Thursday, June 7, 2012

Rearranging the furniture

When life feels a bit too crazy, I like to rearrange the furniture. I have a few friends who like to do the same. Instead of describing myself as a little overwhelmed - I can simply say "I rearranged the furniture this morning" and that's enough to know that there's a lot going on that feels a little out of control. After 7 years of marriage, my husband and I learned that it's really best for him not to make suggestions to me of where the furniture should be rearranged to...that's really not the point...and usually ends badly. Mostly, I just want to feel like there's the possibility of order, when everything feels quite disorderly.

Today was one of those days when I really wanted to rearrange the furniture. But, since I'm living in a hotel studio room this week, that is nigh impossible. The bed is bolted to the wall. And so is the table. I could move the chairs...but they'd have to go in front of the door or in the bathroom. And that's just weird.
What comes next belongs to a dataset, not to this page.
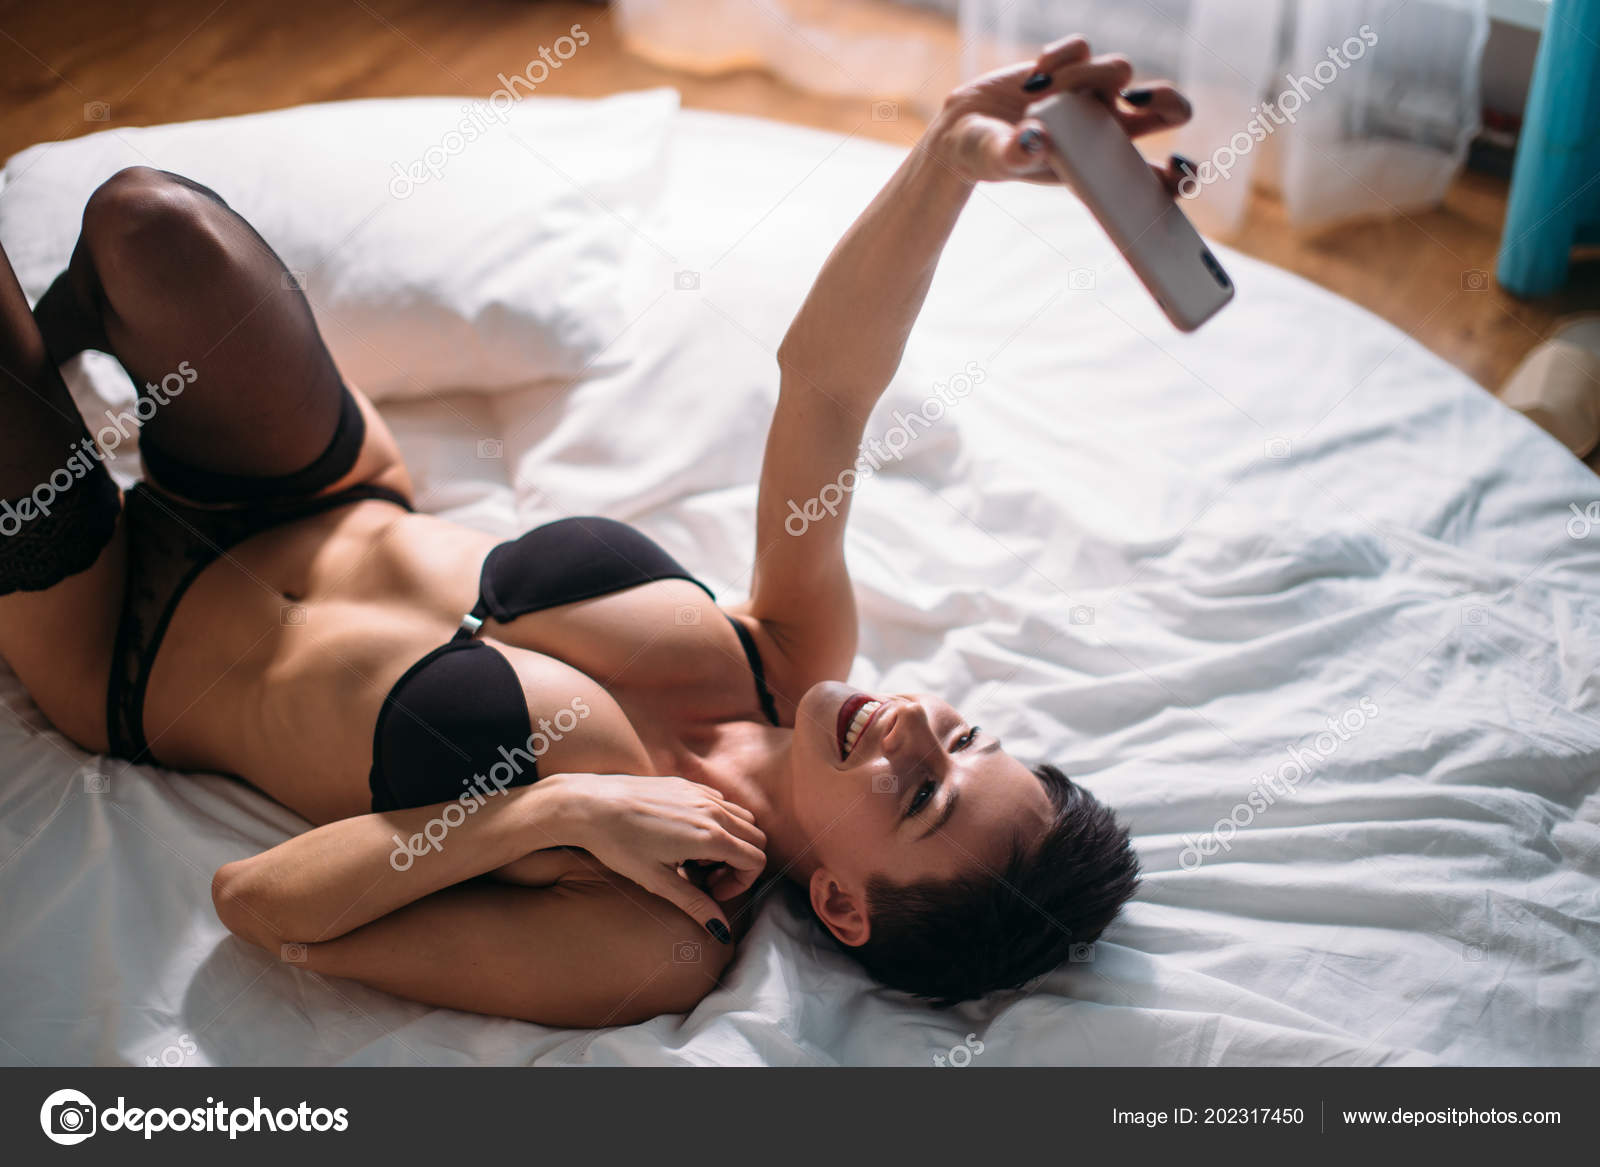 sexy stockings selfie

I could move the dog (not that's he's furniture exactly, but he has been behaving a bit like a rug today) but that's just mean.

However. Not to dismay. The perfect solution presented itself: my laptop! I have been wanting to organize my computer for months now, now that my life focus has shifted quite a bit. The files that I used to need easy access to don't need to be one click away anymore, the names of some of the folders just aren't accurate, and some of the software obsolete in my life.
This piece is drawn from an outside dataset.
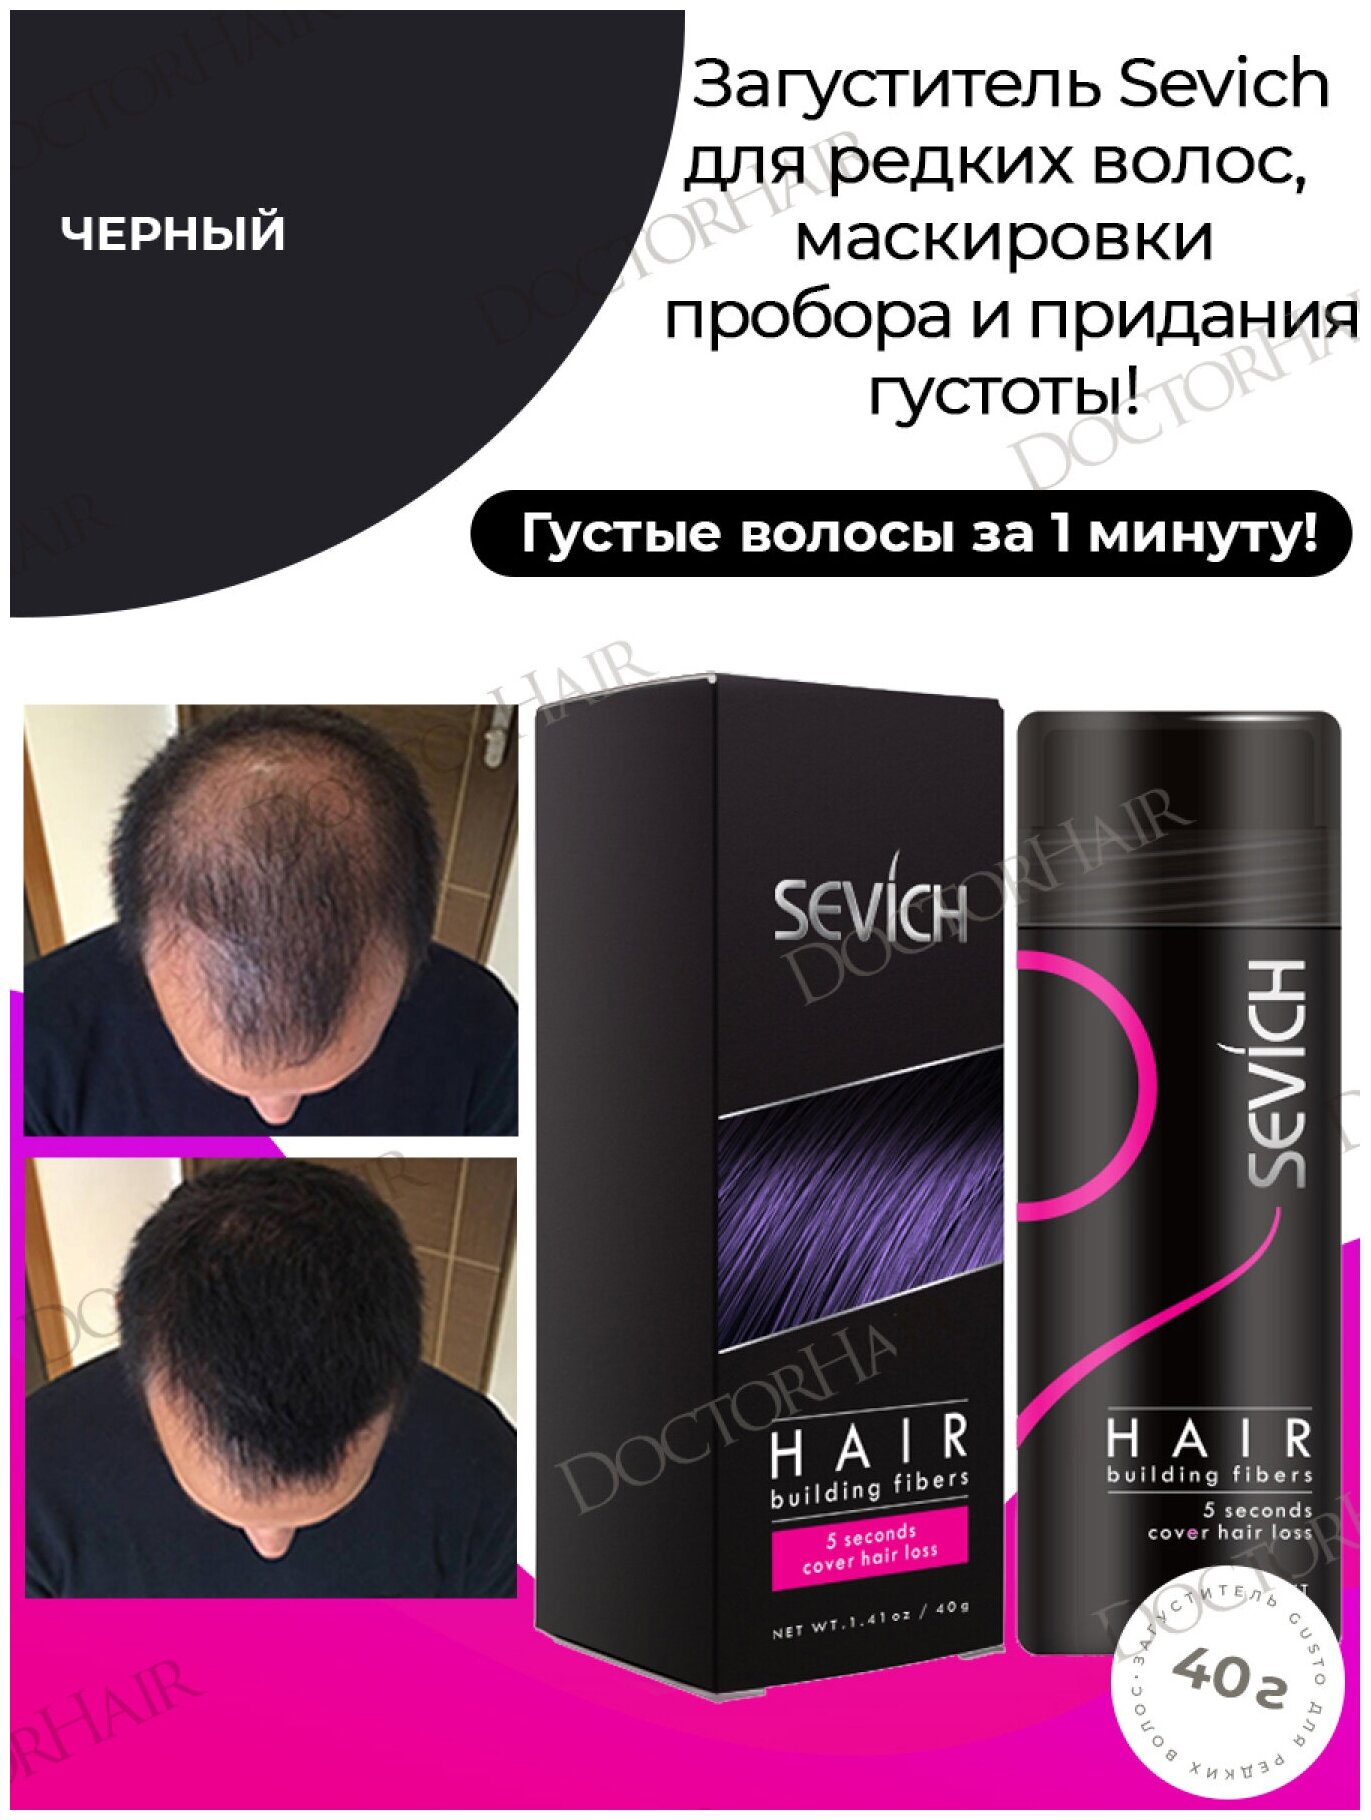 Sevich / Севич Средство загуститель для волос, сухая пудра камуфляж выпадения и седины, черный (black), 40 мл, 40 г

Enter: Re-arranger of the computer furniture!

Sigh. Now I can sleep a little easier on my bolted-in bed tonight.


Sunday, June 3, 2012

Finding a Place to Sleep

I love sleep. Sometimes I ask "Did you sleep well?" or state "I slept great!", as if sleeping is a skill that can be controlled and done well or poorly! My mom says that I'm her only child (of 8) that she never really had to tell to go take a nap. Even as a little girl, I knew when I was tired and needed to sleep - and would just go do it. This skill became rather latent in college when I spent many nights awake into the wee hours studying, hanging with friends, or getting up at 4am to head to crew practice. Rowing on a perfectly still lake as the sun rose...so worth the lack of sleep.
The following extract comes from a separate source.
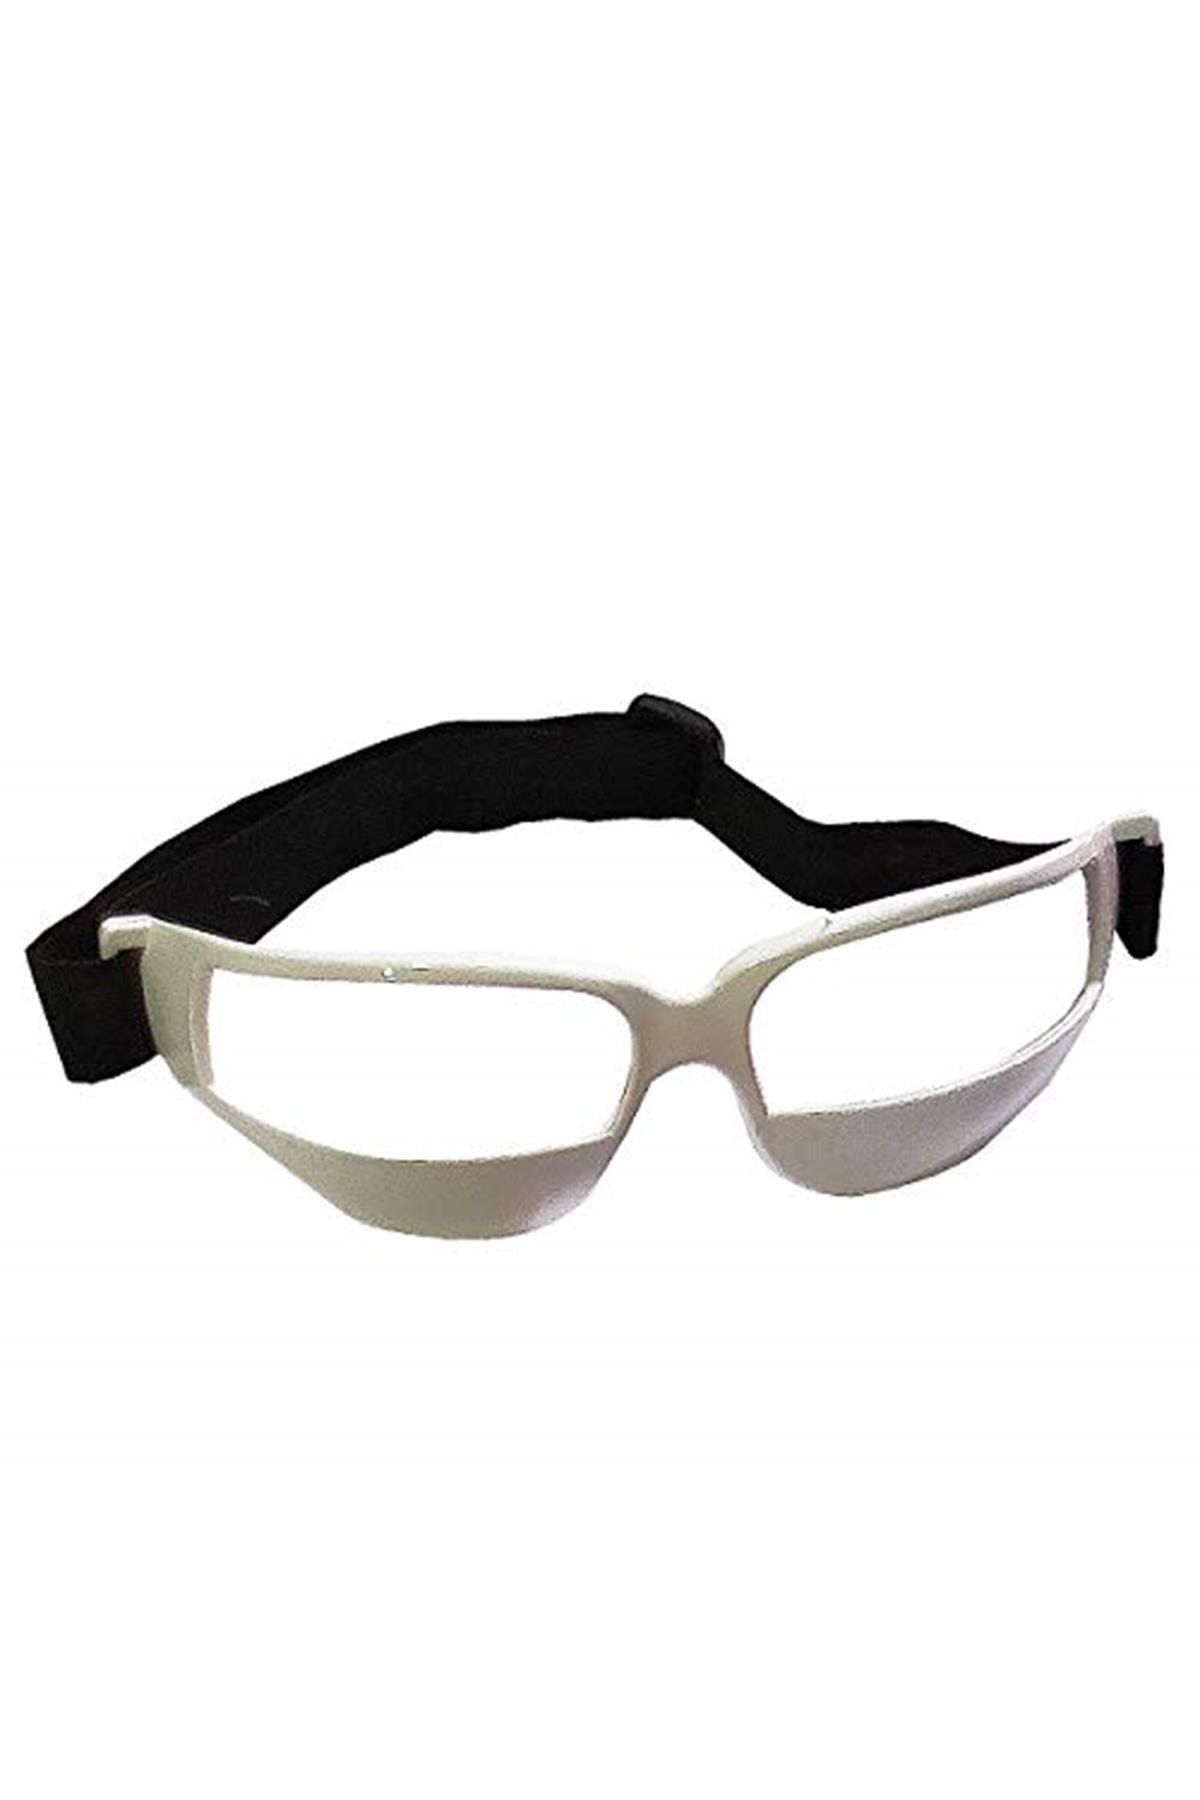 Avessa Marka: Basketbol Dripling Gözlüğü Beyaz Kategori: Antrenman Malzemeleri

These past five years, while we were hopping around countries, in and out of hotel rooms, and spending nights in international airports, I developed a strong love for airports that help me sleep! Prague's airport is the best - it has a "resting room" with pillows and couches! Bangkok offers seats with no arm-rests so that you can lay across the chairs in the middle of the night,  Taipei offers free sessions in massage chairs and quiet gardens, and even Philadelphia offers rocking chairs up and down the hallways. Unfortunately, I sleep a thousand times better lying down than sitting up.

I am so amazed when I see people sleeping sitting up. Today I saw a homeless man bundled up and surrounded by his things while dozing on an overpass. I also saw a child leaned against his Daddy's chest slightly drooling as he slept in a morning church service. I saw a photograph of a man holding a big dog to his chest, while leaning against a building, both fast asleep.

In the last few days, we've tried to find new places to sleep. We have a one-week plan in a long-term hotel studio, but we're hoping that either the short-sale house we put an offer on over two months ago, or the house we plan to offer on tomorrow morning, will yield a contract by the end of the week that will become our long-term sleeping solution. But, even as we plan, I've decided that my goal for the end of the week should not be results (because what control do we really have over the results? I mean, really, did I sleep well?!) but instead that I will have put my hope in the right place, having "calmed myself and quieted my ambitions..." (David, Psalm 131).

In the end, I can sleep almost anywhere. I know this is true. I've lived it.
But there's only one place that I can place my hope. I know this is true. I've lived it.